The Facebook group serves as a database with state-of-the-art methods for monitoring each student’s grades, friends, caloric intake, bowel movements, piercings, and sex lives. “Knowledge frees you,” said Mary McArdle. “Now that I know every detail of my little Sandra’s life, I believe that I am become one with all of humanity. I have defeated menopause and I will be reborn, transcending the never-ending cycle of life and death.”
“Many seemingly unrevealing communications with your child can actually yield mounds of viable data,” beamed mother Rita Schwartz as she calibrated a Turing Machine to decode a text from her son while achieving imperturbable stillness of mind after the fires of desire.

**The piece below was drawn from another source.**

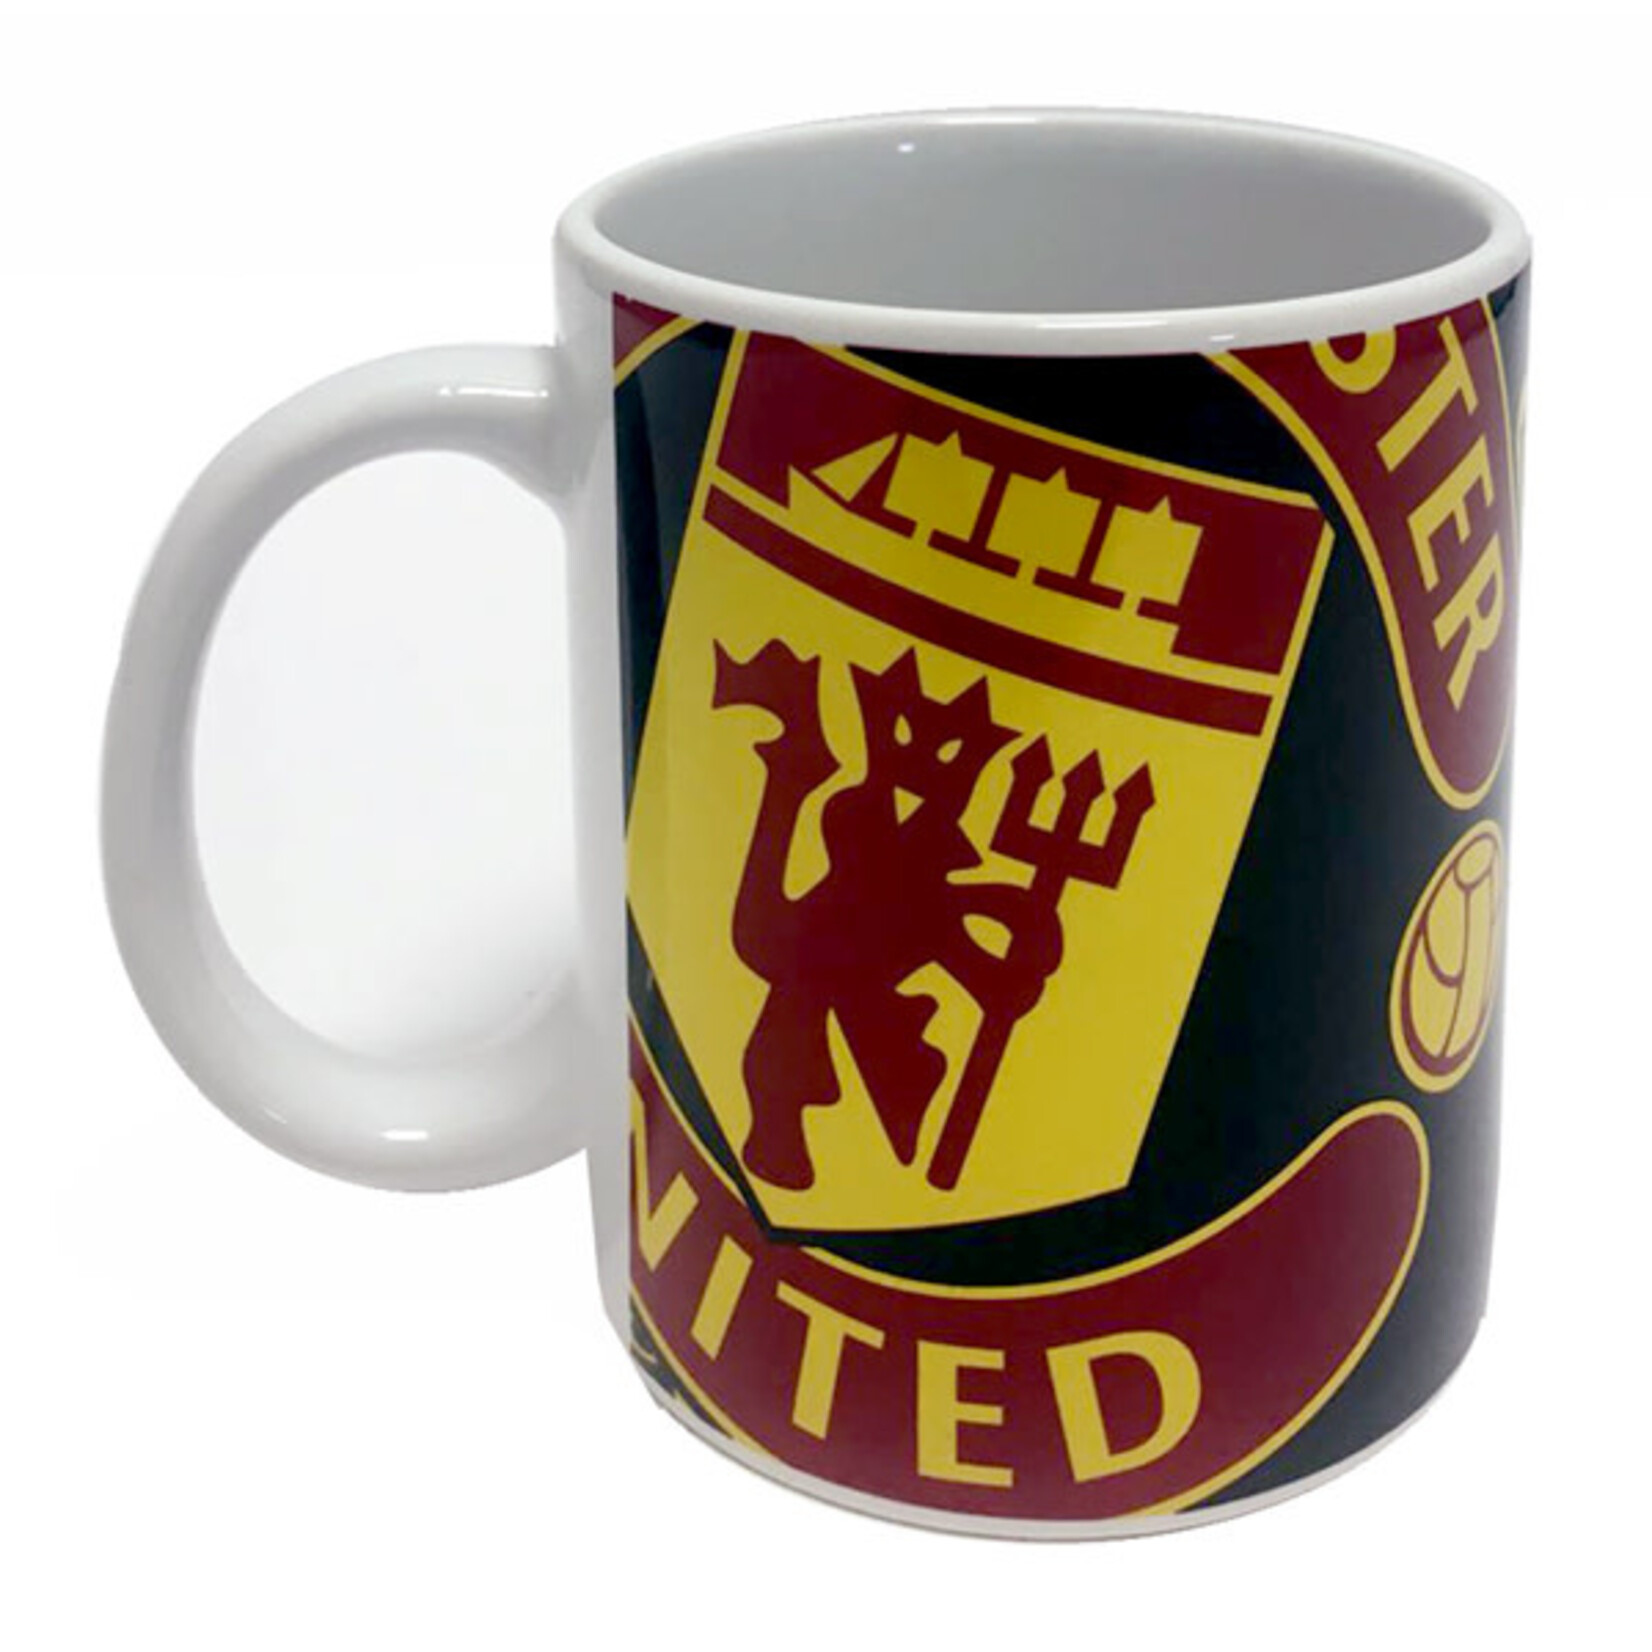 Mimi Imports Manchester United Halftone Mug

“For instance, if your daughter posts a picture of her and her sorority sisters at a date party, chances are there are at least a few girls itching their crotches in the background. I mean, they called it “chlamidterms” for a reason. Boom: now you know who’s got crabs. Run the facial recognition, track the IP addresses of their snatch-scratching dates, and suddenly you have a TMI transmission pathway that will deliver you into what Hindus call moksha.”
Schwartz was unable to be reached for further comment, as she was busy glowing as radiantly as the Buddha himself, comfortably couched in a vortex of ‘likes,’ freed from all suffering, and open to all the universe’s possibilities.
Sterling Fitzfire, the president of the group, was able to achieve such a high state of illumination after creating an interactive map locating every single ill-advised fleur de lis tattoo that he was able to control time and attend the “Smells Like Teen Spirit” tour in 1991.